In 1983, their generosity was rewarded when President Ronald W. Reagan asked my cousins to sponsor the guided-missile cruiser U.S.S. Yorktown, honoring them as the first naturalized citizens to sponsor a U.S. Navy ship. While they were flying to Pascagoula, Mississippi, for the christening of the ship, Nick suffered a fatal heart attack before landing.  Mary insisted to continue with the christening. In what many called her most moving speech, she held a photo of Nick to her chest as she reflected what America meant to her: “. . . liberty, freedom, justice, and peace to the free world, and to those small nations that depend for their lives and happiness on the American flag that signifies freedom.”

In the years after the christening, Mary often stood on the pier, a short walk from the restaurant, as the Yorktown went by. She would gather us, her family, and friends and wave small American flags at the sailors who knew her as the ship’s godmother. The U.S.S. Yorktown was known to play “God Bless America,” her favorite song, over its loudspeaker each time it passed the restaurant.

In 1992, Mary became the first woman to be awarded the prestigious Socrates Award from the American Hellenic Progressive Education for her fervent patriotism and philanthropy.  In prior years, the award went to former presidents Reagan and George H.W. Bush. In 1998, she was honored as the Outstanding Virginian by the Virginia General Assembly.  

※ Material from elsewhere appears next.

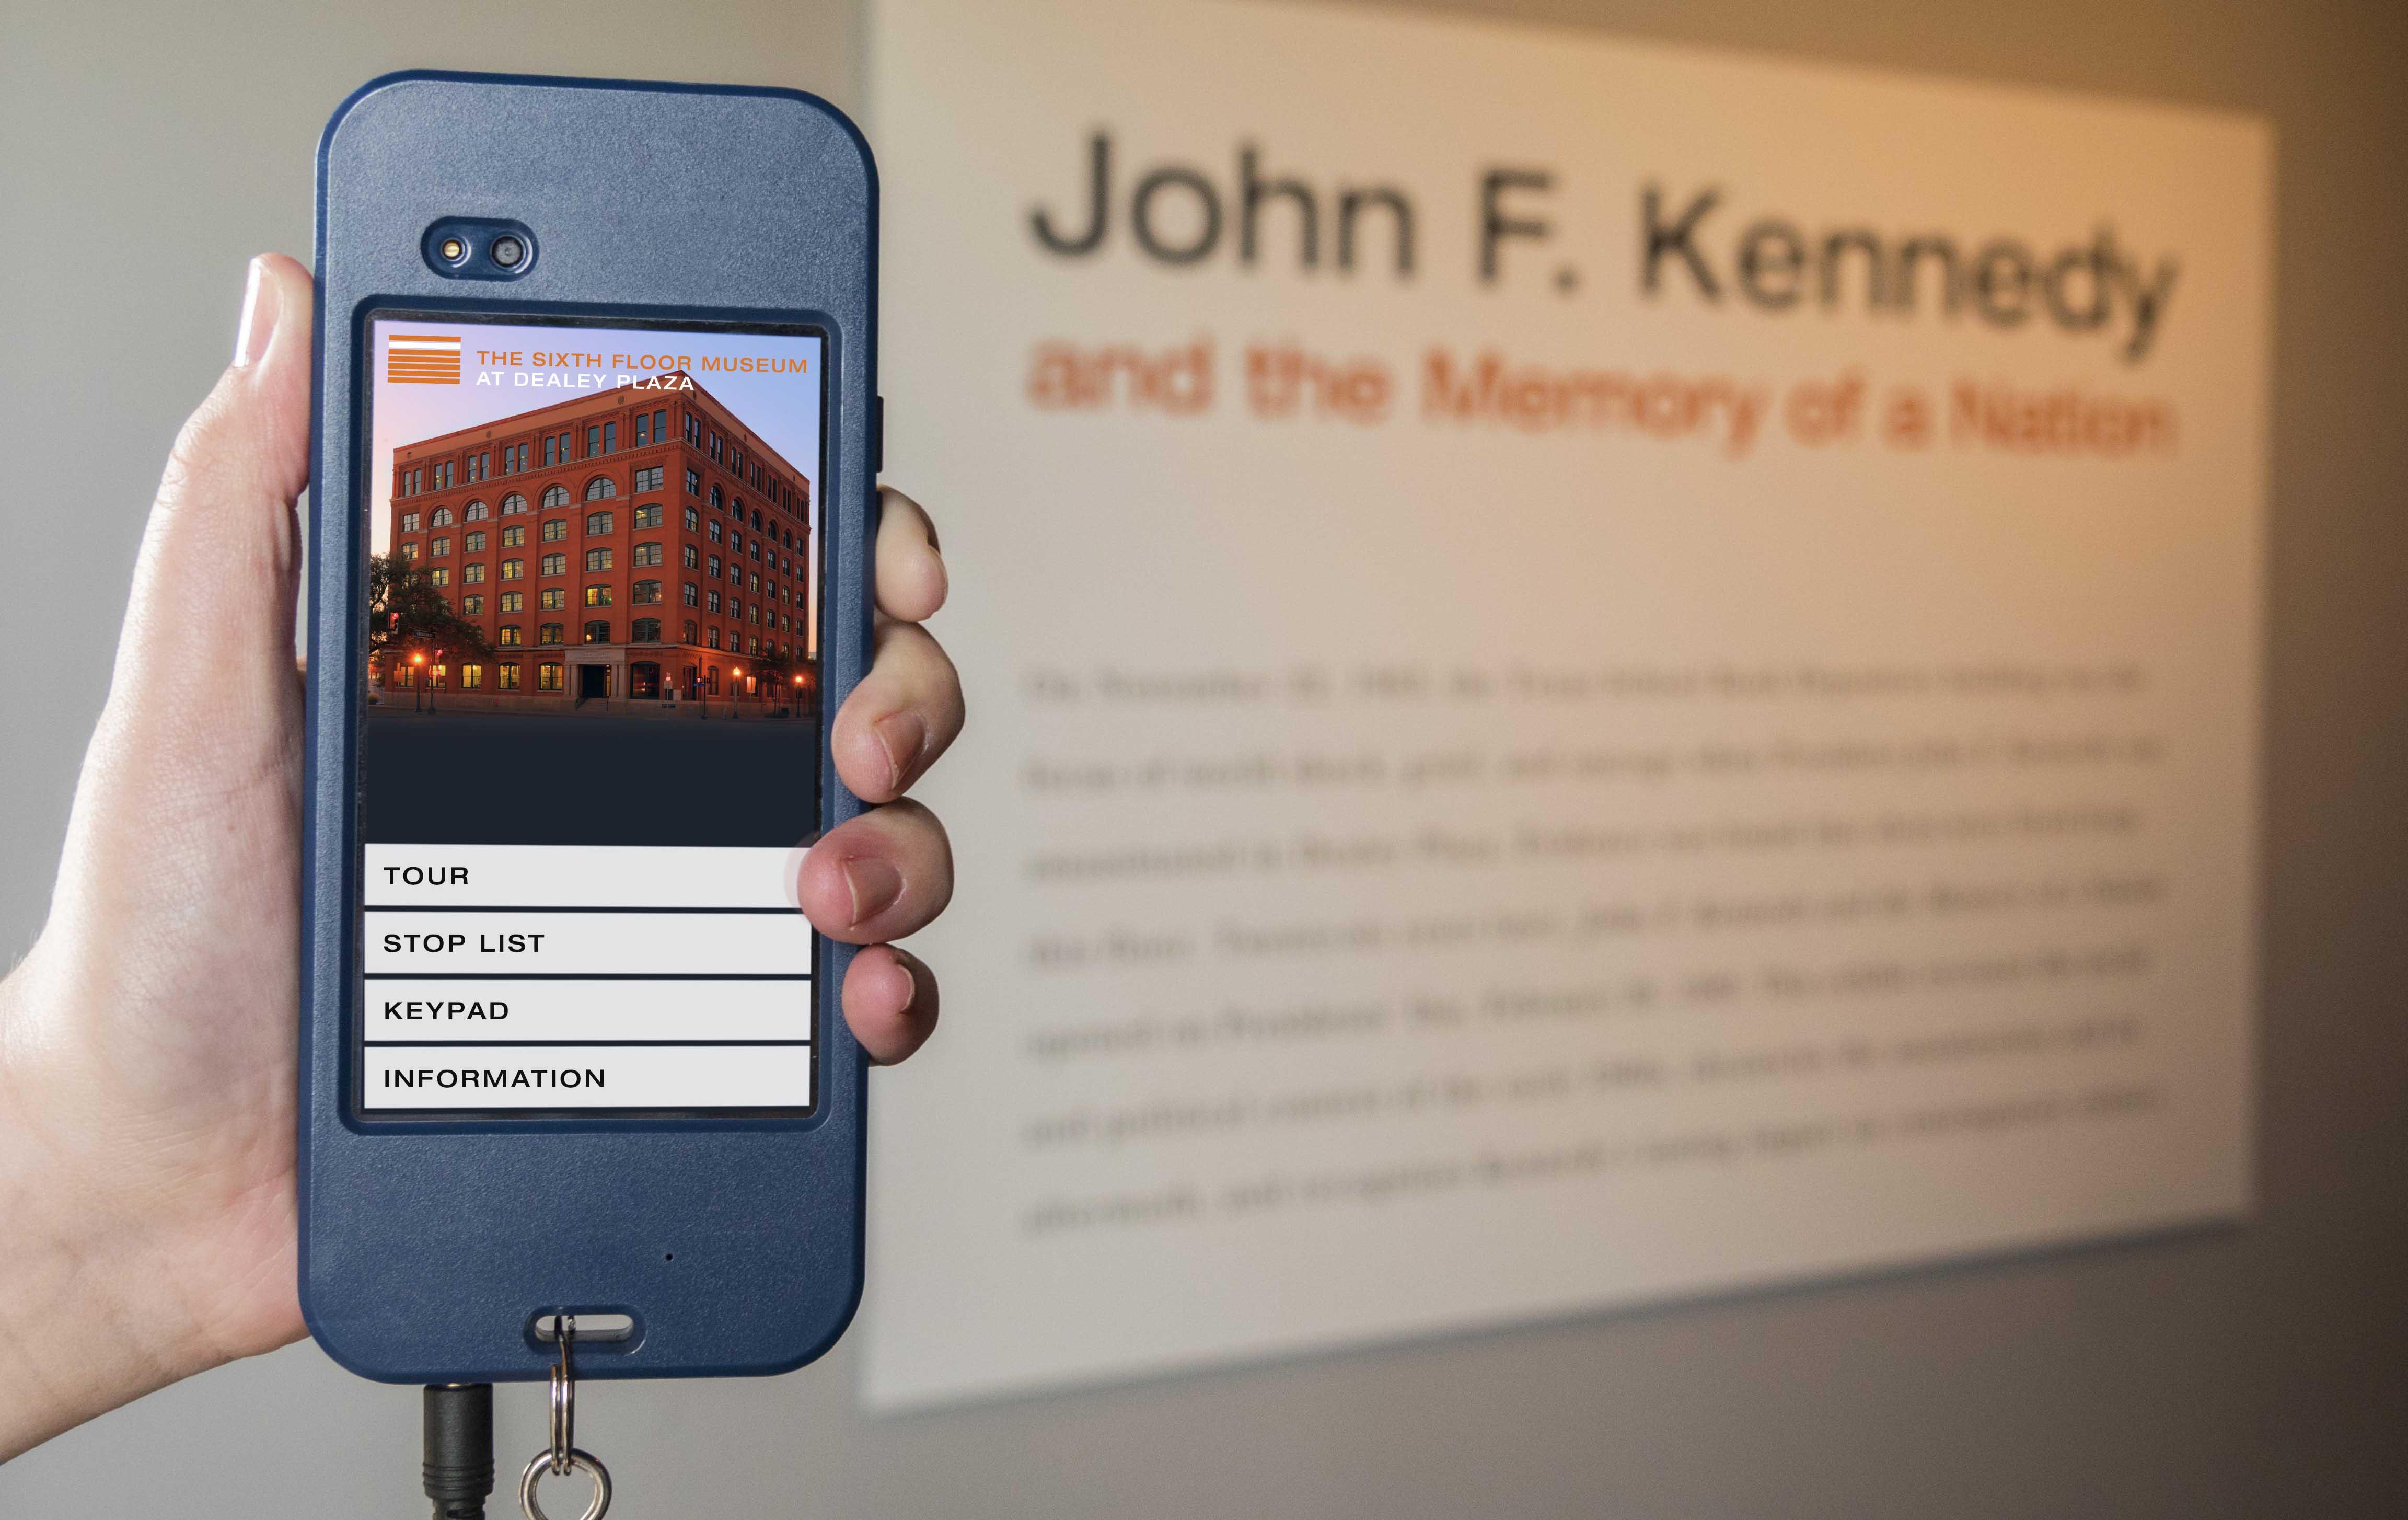 Exhibits  The Sixth Floor Museum at Dealey PlazaThe Sixth

Mary died of a stroke in September, 1998.  Until she suffered that stroke, she was at the restaurant daily. In one final act of kindness, she bequeathed virtually her entire estate, including the restaurant, to the Jamestown-Yorktown Foundation, an agency of the Commonwealth of Virginia, which operates the Jamestown Settlement and the Yorktown Victory Center. She wrote in her will that she wanted everyone to know about “the blessings of democracy commenced in my native land of Greece and later here in this area . . . .” The restaurant closed in September, 2003, after Hurricane Isabel decimated the property.

Today, while the restaurant no longer remains, Nick and Mary Mathews’s legacy does. It is seen by the thousands of visitors to the Yorktown Victory Center each year.  It is remembered often when benefactors of their generosity tell of these two Greek-Americans who dreamed an American Dream, lived it, and shared it with so many others.  It is felt by my family, with generations inspired by my cousins’ example – their love for the United States and the principles of freedom and liberty “commenced” in Greece, their gratitude for the gifts the United States affords, and their unwavering, tireless commitment to serving the public.